Wing Sheung Chan

The Large Hadron Collider and the ATLAS detector 35 Figure 2.4.: A schematic illustration showing a sector of a cross section of the ATLAS detector and how different particles are typically detected [69] . In Run 2, the LHC delivered pp collisions at a rate of 40 million bunch crossings per second. With such a rate, it is practically impossible to process and store all of the data collected. Because of this, the ATLAS detector has a trigger system that decides what data are necessary for analysis and should therefore be kept for further processing, while discarding the rest to save the data processors and storage from being flooded by the overwhelming amount of data. 2.2.3. The inner detector The inner detector (ID) is the innermost subsystem that records trajectories of charged particles as “hits”, which are then reconstructed as “tracks”. The ID is placed closest to the collisions, so that it can precisely determine the interaction vertices.
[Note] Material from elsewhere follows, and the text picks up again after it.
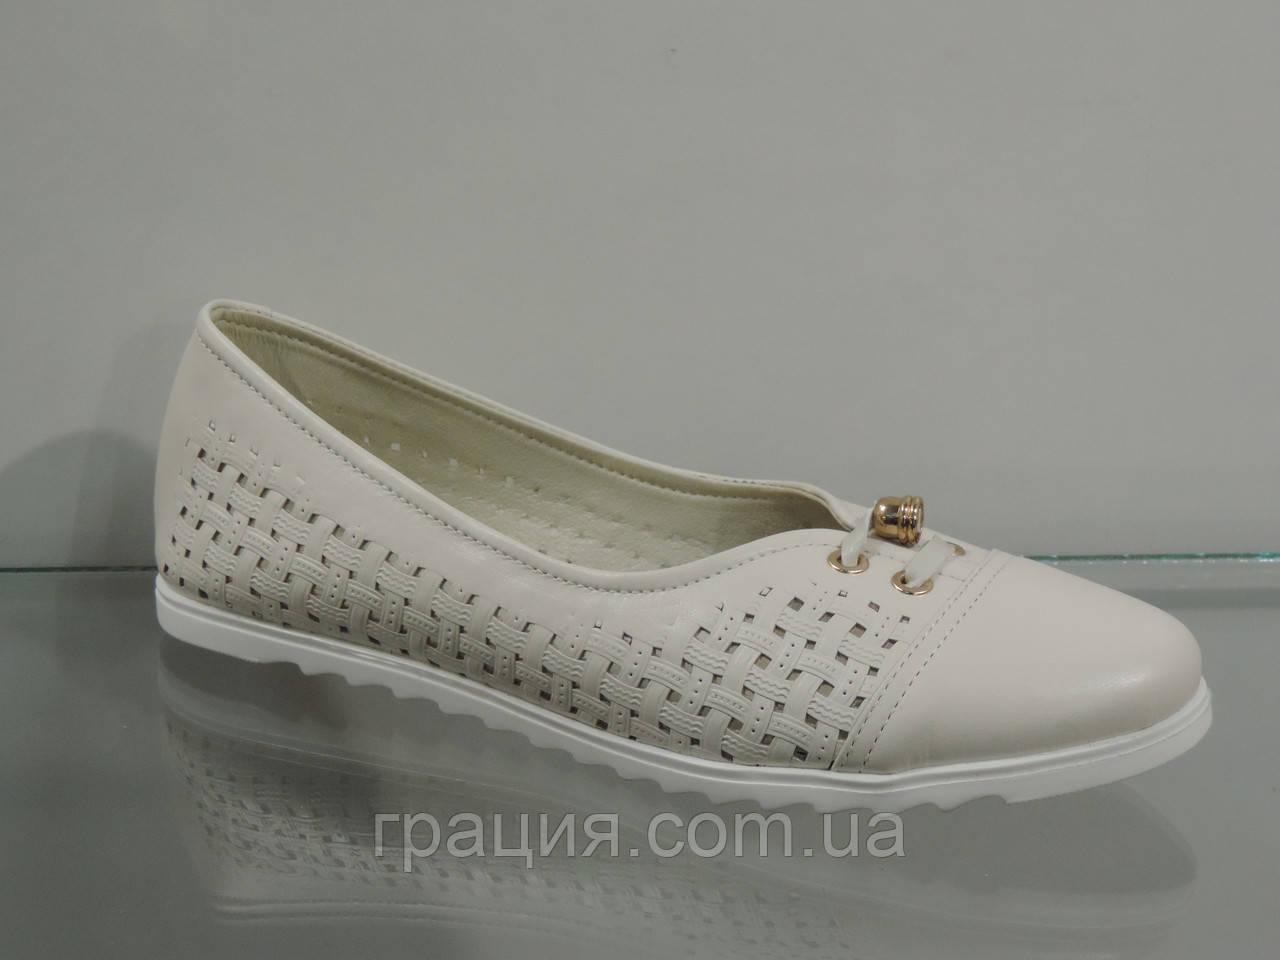 Мягкие удобные женские туфли из натуральной кожи

Since the main purpose of the ID is not to measure the energies of particles, it is designed to work with a minimal amount of material that particles can interact with, so that the energies of the particles are mostly unaltered when they leave the ID and enter the calorimeters. The ID consists of four subdetectors: the insertable b -layer (IBL), the pixel detector (Pixels), the semiconductor tracker (SCT) and the transition radiation tracker (TRT). Cutaway views of the ID are illustrated in Figure 2.5.